Investing.com -- The wild swings in oil prices is unlikely to run out out of road anytime soon amid ongoing Middle East geopolitical tensions but the outlook remains "moderately constructive," with Brent likely to mount a challenge above $60 a barrel in the coming weeks.
"The oil market is likely to stay volatile in the near term until we get more clarity on Israel's targets and Iran's potential response," UBS said in a note on Thursday.
Brent crude prices temporarily jumped above $80 per barrel following comments from U.S. President Joe Biden about potential targeting of Iranian oil facilities.
But more recent reports suggesting Israel might focus on military rather than oil targets, cooled the supply risk premium in Brent prices, sparking a move back below $75 per barrel.

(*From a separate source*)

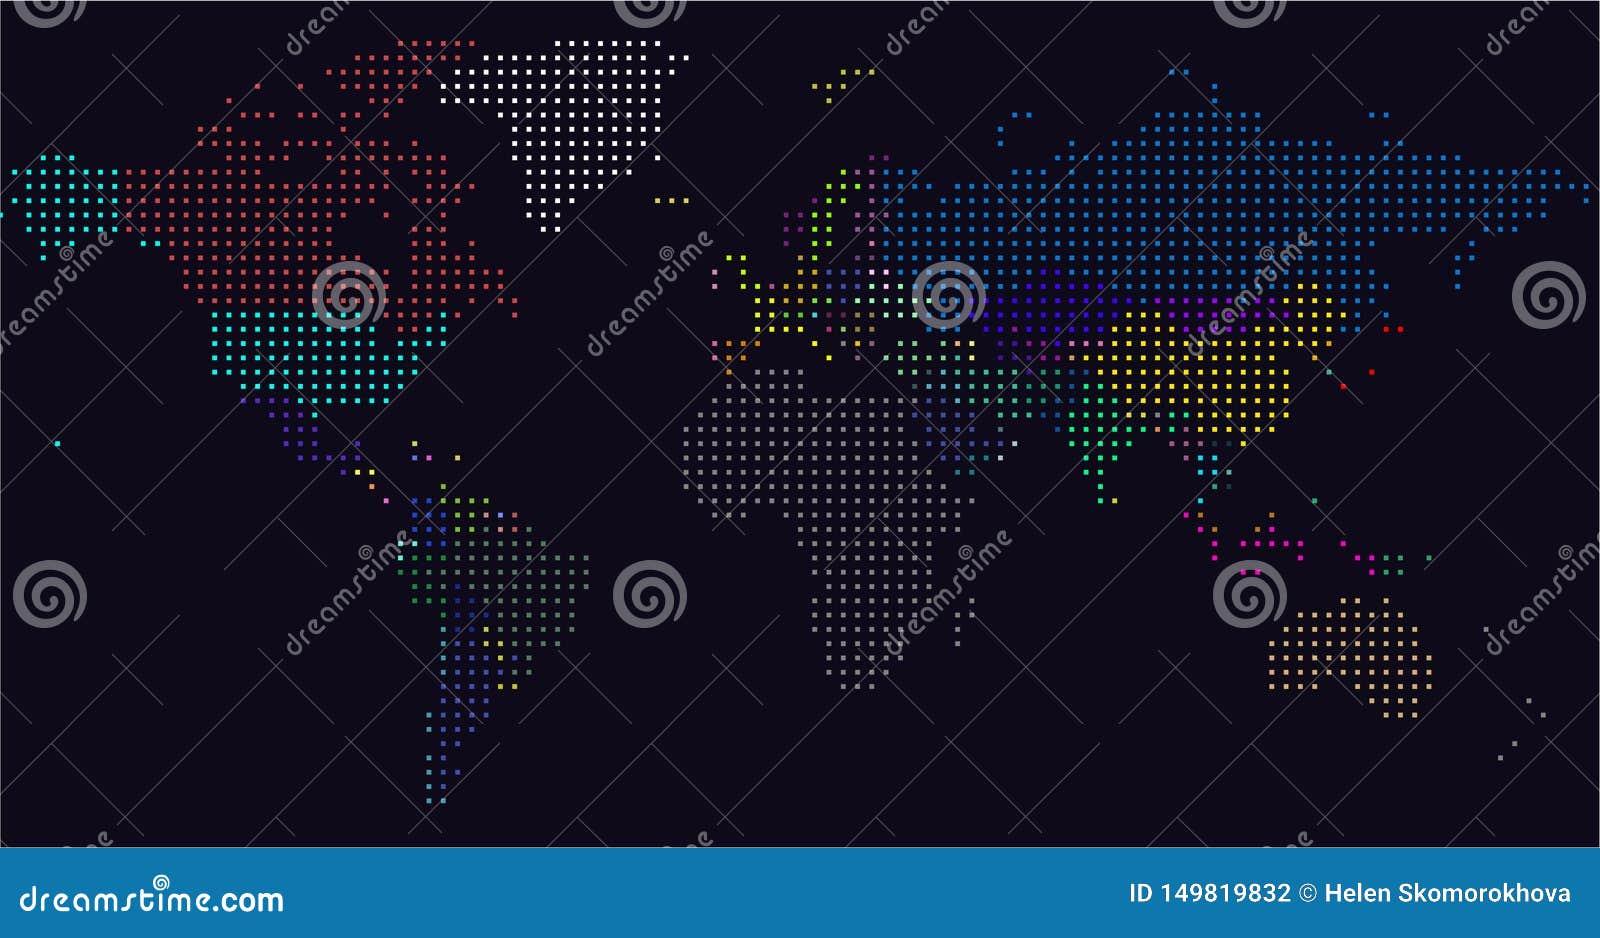 Mapa de mundo pontilhado vetor Um mapa pol?tico do mundo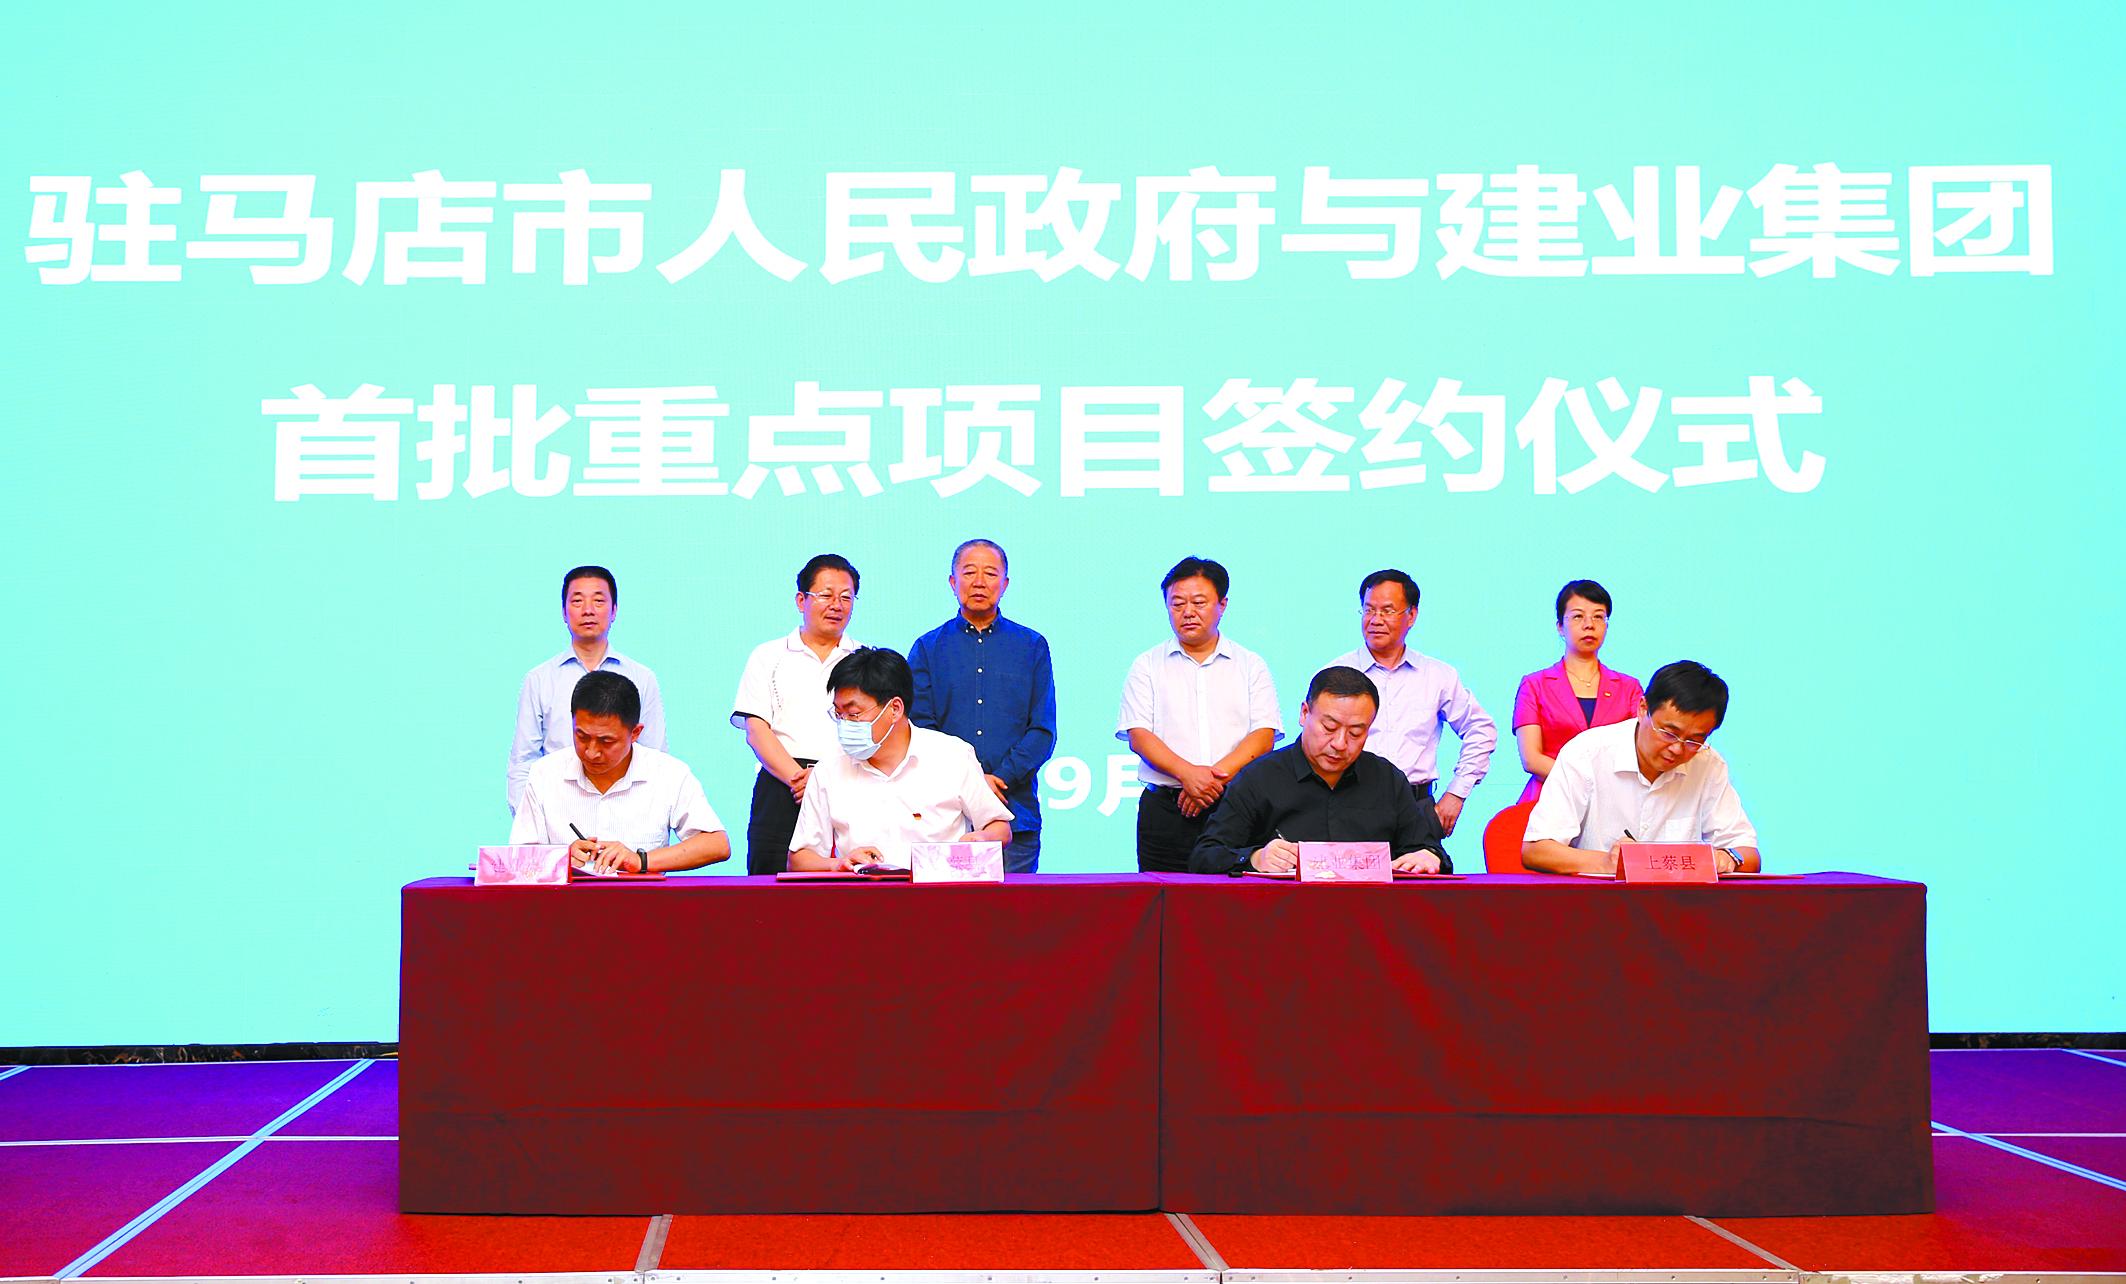 市政府与建业集团首批重点合作项目签约

But the positive backdrop of ongoing supply constraints and declining global oil inventories are likely to provide the impetus for oil prices to move higher, UBS says reiterating its forecast for Brent to move above $80 a barrel in the coming weeks.
"Global demand growth, despite suffering a pullback in China, continues to outpace supply growth as global oil inventories have been declining since June," the analysts noted.
Global oil production rose by just 0.3% between December 2023 and August 2024, with the International Energy Agency (IEA) significantly reducing its 2024 global supply growth estimate from 1.25 million barrels per day, or mbpd in December to only 0.66 mbpd in October.
The tightening in supplies has been exacerbated by several factors including extended voluntary OPEC+ output cuts, slowing crude oil supply growth in the U.S. and Brazil, and production disruptions due to wildfires in North Dakota and hurricanes in the Gulf of Mexico.
Despite the weakness in China, a major oil consumer, global demand growth continues to "outpace supply growth as global oil inventories have been declining since June," UBS said.
The macroeconomic backdrop could also lend a helping hand to oil prices, UBS suggests, as easing monetary policy measures by key central banks and fiscal stimulus in China potentially supporting economic and oil demand growth next year.
Looking ahead, OPEC+ members are expected to announce in early November whether they plan to extend voluntary production cuts beyond December.